- The Washington Times - Wednesday, August 25, 2010

The woman who headed an international drug-trafficking organization that smuggled millions of Ecstasy pills and other drugs from Canada into the United States from 2002 until 2008 has been sentenced to 70 months in prison on her guilty pleas to drug-smuggling and conspiracy charges.

Phuong Thi Tran, 39, of Ontario was sentenced by U.S. District Judge Petrese B. Tucker in Philadelphia on one count of conspiracy to distribute Ecstasy and methamphetamine and one count of conspiracy to possess with the intent to distribute Ecstasy.

Tran, a Canadian citizen, had faced a maximum punishment of life in prison, a 10-year mandatory minimum prison term and a $5 million fine under federal sentencing guidelines, but prosecutors filed a motion for “downward departure” - signaling that she has cooperated with prosecutors in ongoing investigations.

“She did everything she possibly could to assist herself,” said Robert Livermore, a prosecutor in the Justice Department’s Organized Crime and Racketeering Section. “I think she has earned for herself a substantial reduction.”

Assistant Attorney General Lanny A. Breuer, who heads the Justice Department’s Criminal Division, said the drugs were manufactured in Canada by various Asian organized crime groups and distributed to drug dealers across the United States.

According to court documents, Tran and her associates often smuggled 100,000 Ecstasy pills per week into the United States.

Tran’s role in this drug-smuggling conspiracy, court records show, was discovered during the course of an investigation by U.S. Immigration and Customs Enforcement (ICE) agents in Detroit after they had seized several drug shipments that Tran had arranged to smuggle into the United States.

In October 2006, a grand jury in the Eastern District of Michigan indicted Tran for conspiring to distribute Ecstasy pills. She was arrested in Alaska while traveling from Vietnam.

With the Detroit investigation ongoing, ICE agents in Philadelphia at the same time were conducting a separate but related investigation, which discovered in September 2007 that Tran and her associates sent two couriers to deliver 100,000 Ecstasy pills to customers in Philadelphia and Boston, the records show.
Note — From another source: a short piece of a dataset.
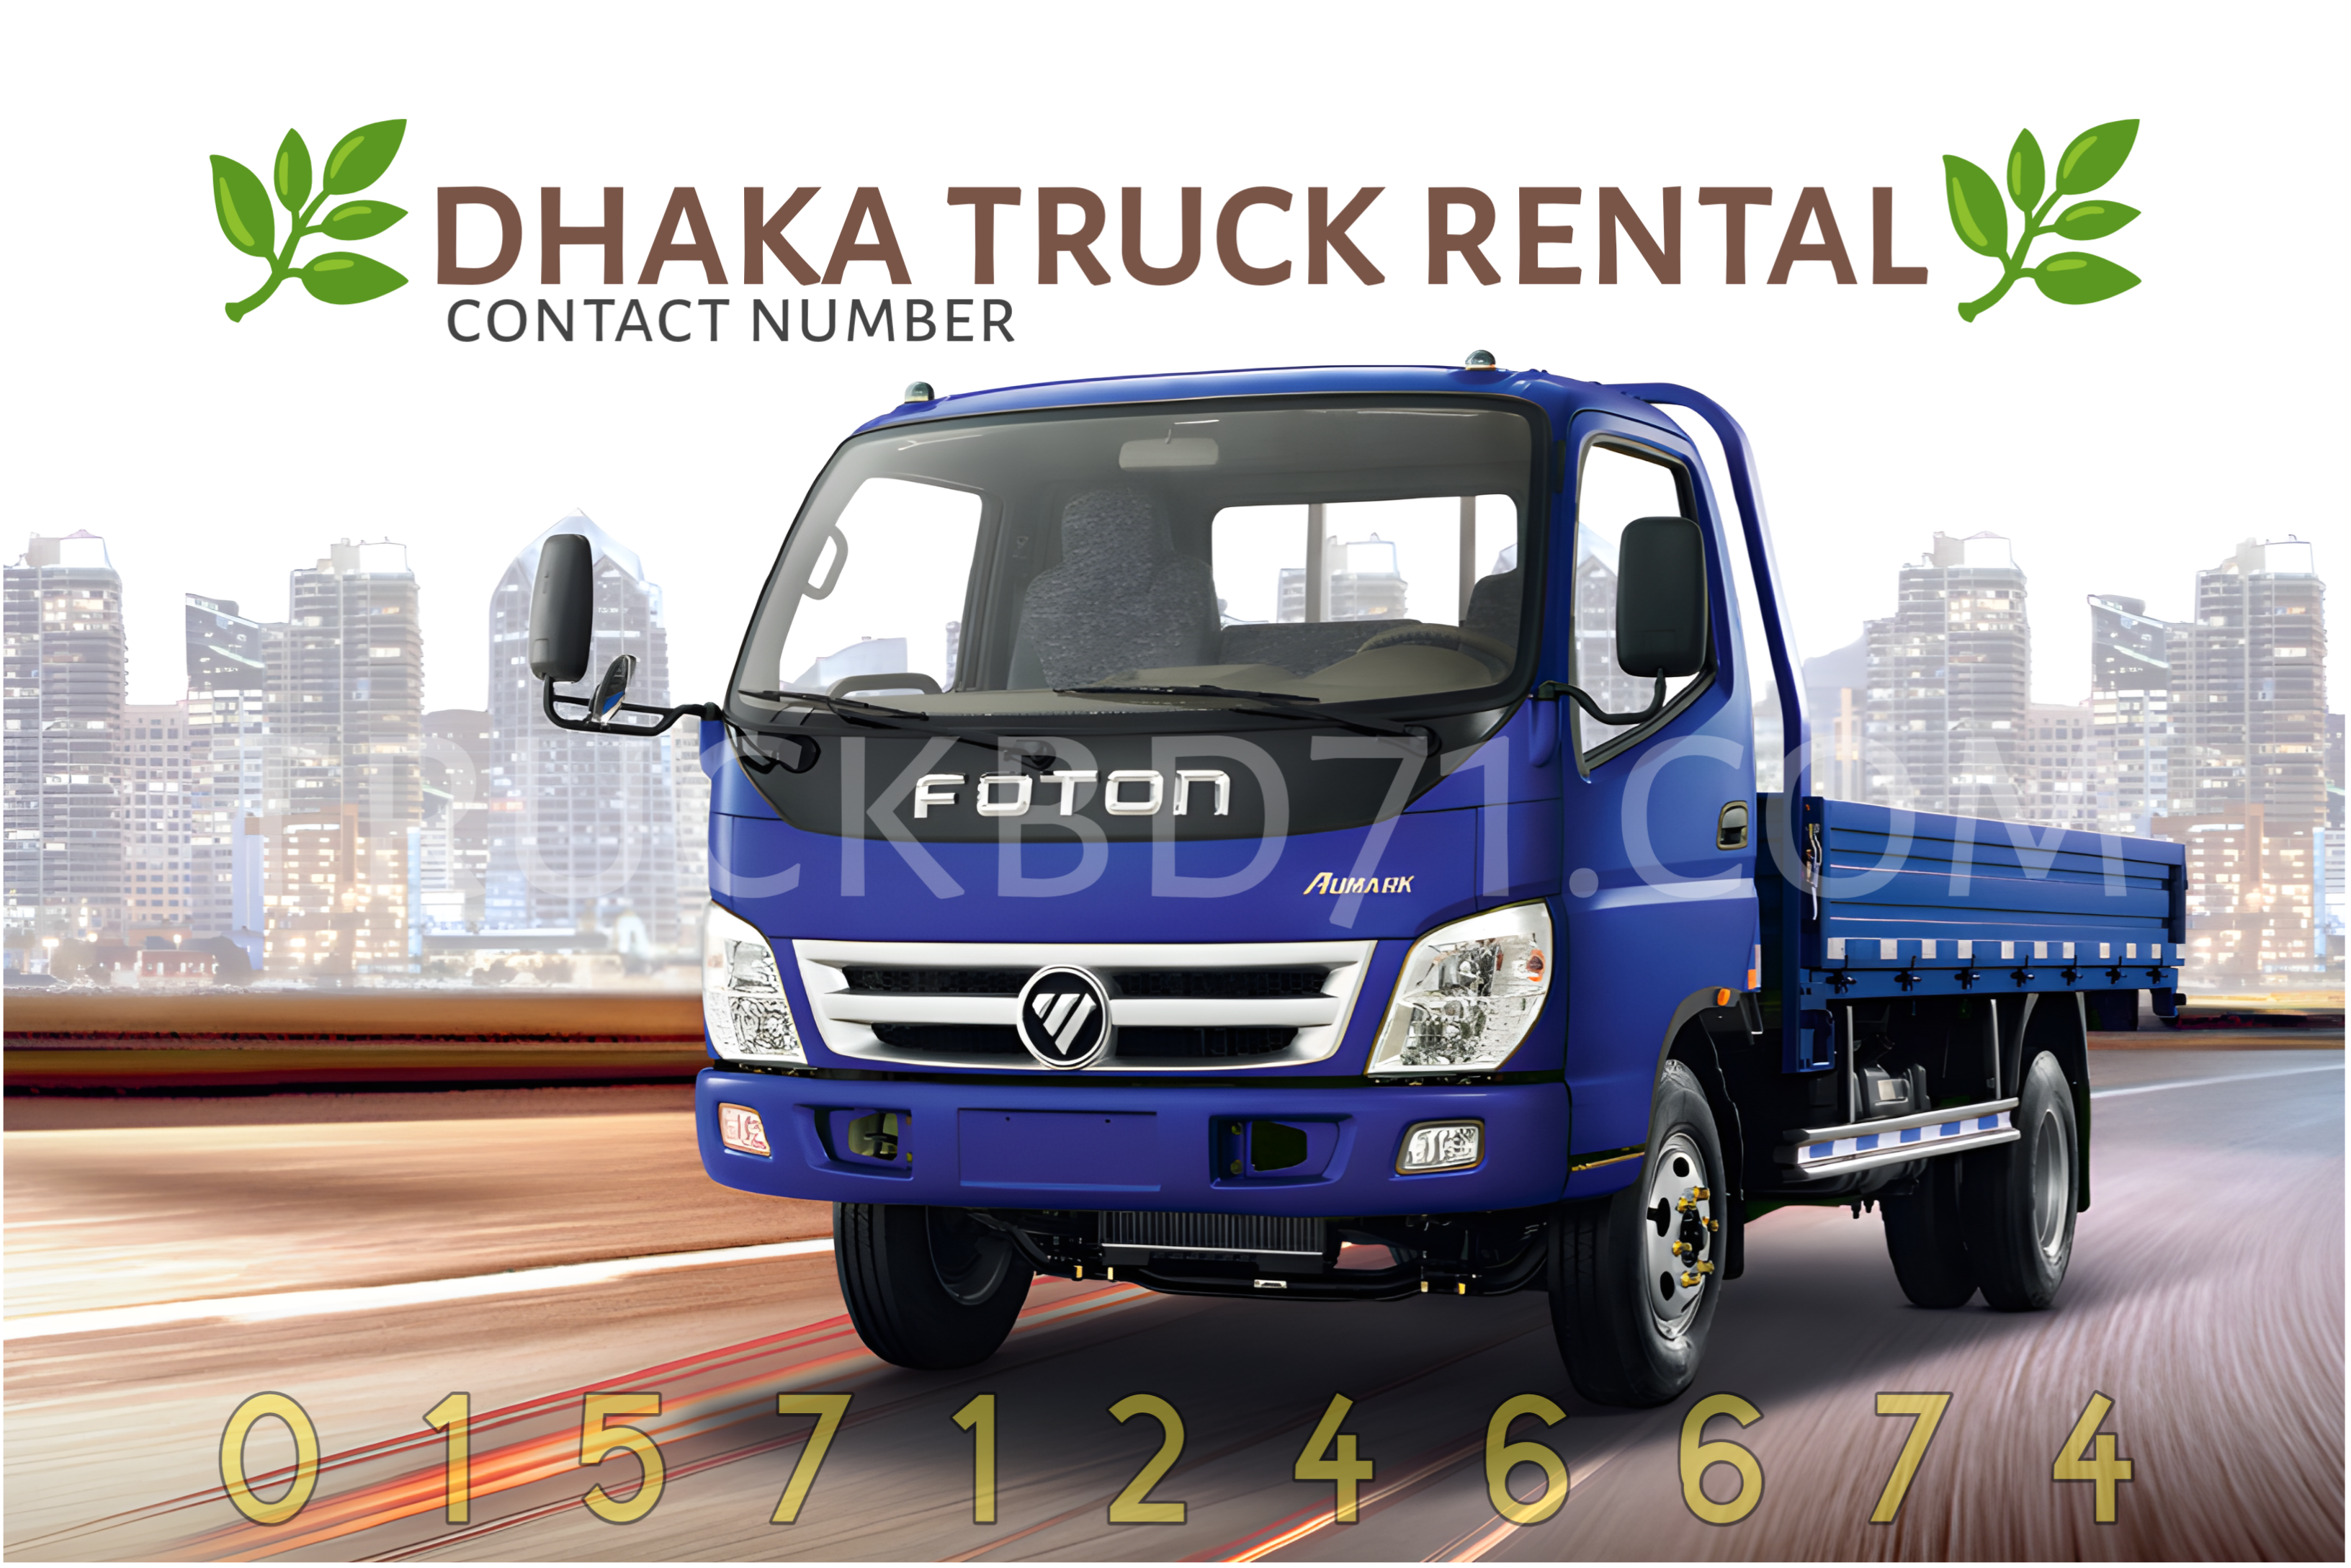 dhaka truck rental contact number truck lagbe truck rental dhaka

According to court documents, unbeknownst to Tran and her associates, ICE agents learned of the shipment and, with the assistance of the Philadelphia Police Department, stopped the couriers’ vehicle and seized the drugs.

In December, Tran, who was born in Vietnam and immigrated to Canada, was charged by the U.S. Attorney’s Office in Pennsylvania with conspiracy to distribute Ecstasy pills. The charges from Detroit were then transferred to Philadelphia.

Tran told the judge through a translator that she hoped to be reunited with her family, saying if she was returned to Canada, “I will change my life around.”

According to the Justice Department, the Criminal Division’s Organized Crime and Racketeering Section, in conjunction with U.S. attorneys’ offices, has been working closely with ICE, the U.S. Drug Enforcement Administration (DEA) and various Canadian law enforcement agencies over the past several years to crack down on Asian organized crime groups that law enforcement officials estimate smuggle billions of dollars’ worth of drugs into the United States from Canada each year.

The case was prosecuted in Detroit by Assistant U.S. Attorney Kathryn McCarthy and in Philadelphia by OCRS Trial Attorney Robert J. Livermore. Investigators included agents from ICE, the DEA, the Philadelphia Police Department, Pennsylvania State Police, U.S. Customs and Border Protection (CBP), the Royal Canadian Mounted Police; the Ontario Provincial Police Department and the Toronto Metropolitan Police Department.